I think one of the things that it's also very good at
is for real computer interaction.
There's an OS world verified.
It basically evaluates how well an AI can operate
a desktop environment.
It's, you know, pretty much just like,
takes a screenshot and then it uses the keyboard
and mouse commands to go and click stuff.
Right now it has about a 75% success rate.
I've used chat to 50 agents.
It's not perfect.
It's actually not my go to.
I don't use it that much.
I wish I could use it more.
I think Anthropic is doing better in this.
But 75% success rate, like they are improving
their success rate is up a bit.
It's better than GPT 5.2.
I still don't think it's the best.
There's a major focus on kind of how it is being used
professionally.
Open AI says their model right now is significantly better
at basically giving the kind of deliverables
that people use in real work.
So things like spreadsheets, presentations,
financial models, legal analysis.
All of those, they've done a bunch of different tasks
and they had one performed by a junior investment banker
analyst.
It got 87% compared to 68% that GPT 5.2 got.

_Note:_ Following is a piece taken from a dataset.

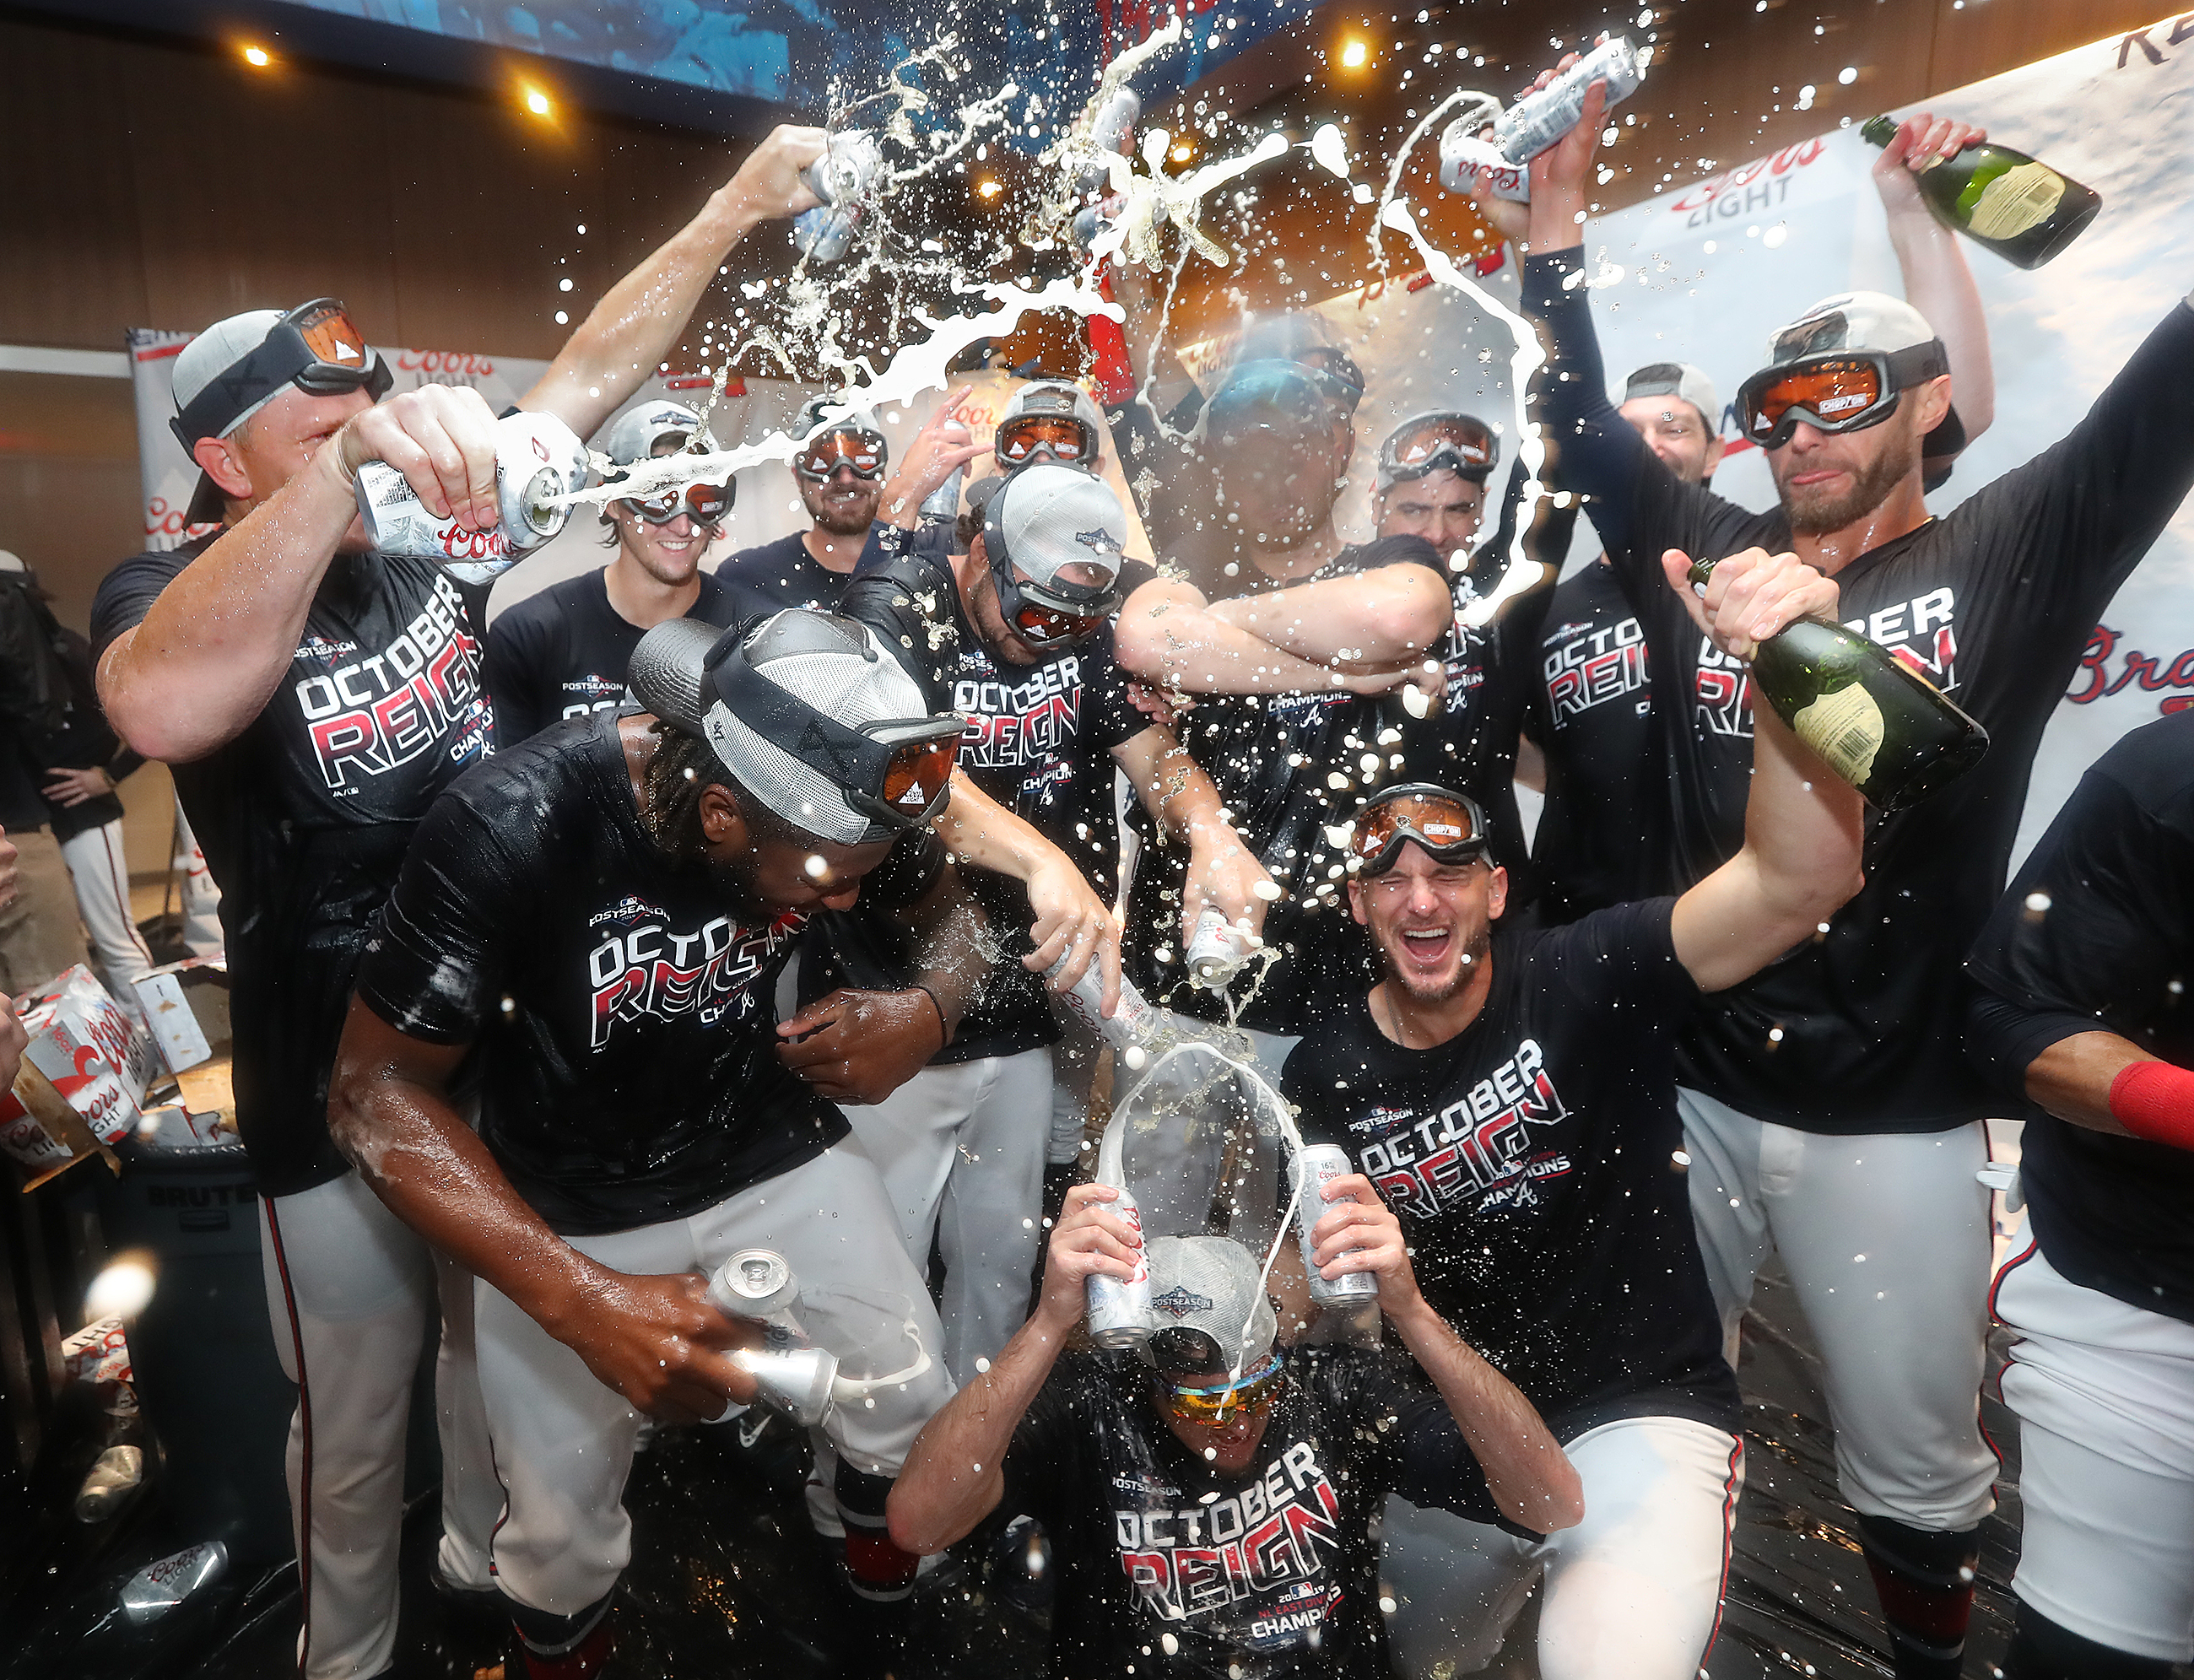 Braves clinch NL East with 6-0 win over Giants

Some human evaluators also preferred it about 68% of the time.
They said it had better visuals and better structure.
So there's some cool stuff.
Okay, cool features that you might actually use today.
This is the one I'm very excited about.
It has what they're calling steerability,
but basically when you're talking to chat GPT,
it's available in the API too, which is I think crazy.
But it's on chat GPT.
If you're talking to chat GPT and you can kind of see
it's reasoning, right?
Like it's thinking through some stuff
and it puts a couple steps down
and you realize it's going in the wrong direction.

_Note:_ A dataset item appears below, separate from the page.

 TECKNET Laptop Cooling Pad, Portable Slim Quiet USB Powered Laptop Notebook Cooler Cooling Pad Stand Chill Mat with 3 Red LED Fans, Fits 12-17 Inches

You know, maybe you're like,
hey, I'm trying to visit like the best beach for surfing.
And it's like, okay, looking at beaches and quiet
and you're like, oh crap, like I'm in California,
I don't wanna see quiet and you're like,
then you can type a message like specifically in California
and mid like prompt mid response
that actually takes into account what you just said
and is steerability, it's going to go and incorporate
that into what it's looking at and into its reasoning
and give you an updated response.
So basically you can do mid response prompts
and it's gonna take that into account
and change its prompt and give you better prompt mid response.
So it's kind of interesting
because I think they did a couple clever things here,
but one of them is like, when you ask a question,
you have to wait for it to think,
you have to wait for it to reply,
you sit there and you wait.
We all hate waiting and so if in the middle of waiting,
we're reading its line of reasoning
and we're giving a more input and more feedback,
it feels like we did a lot less waiting.
We're really just kind of reading
and we're trying to throw in something
and it can get it down faster and better
rather than having to wait for it to spit out the whole thing
and you'd be like, okay, this is wrong
and here's why it's wrong
and here's what you should do instead.
You could do that in the middle
of the chat conversation response,
which is really cool in my opinion.
Something else I've kind of focused on right now
is online research.
Apparently it can search across
like a greater number of sources on the web
so it can kind of instead of just like,
okay, we're looking at this website,
get in some data and now we're gonna look at this website.
It's gonna go and search just like a ton
at the same time across the web
and then it's gonna follow leads across different pages.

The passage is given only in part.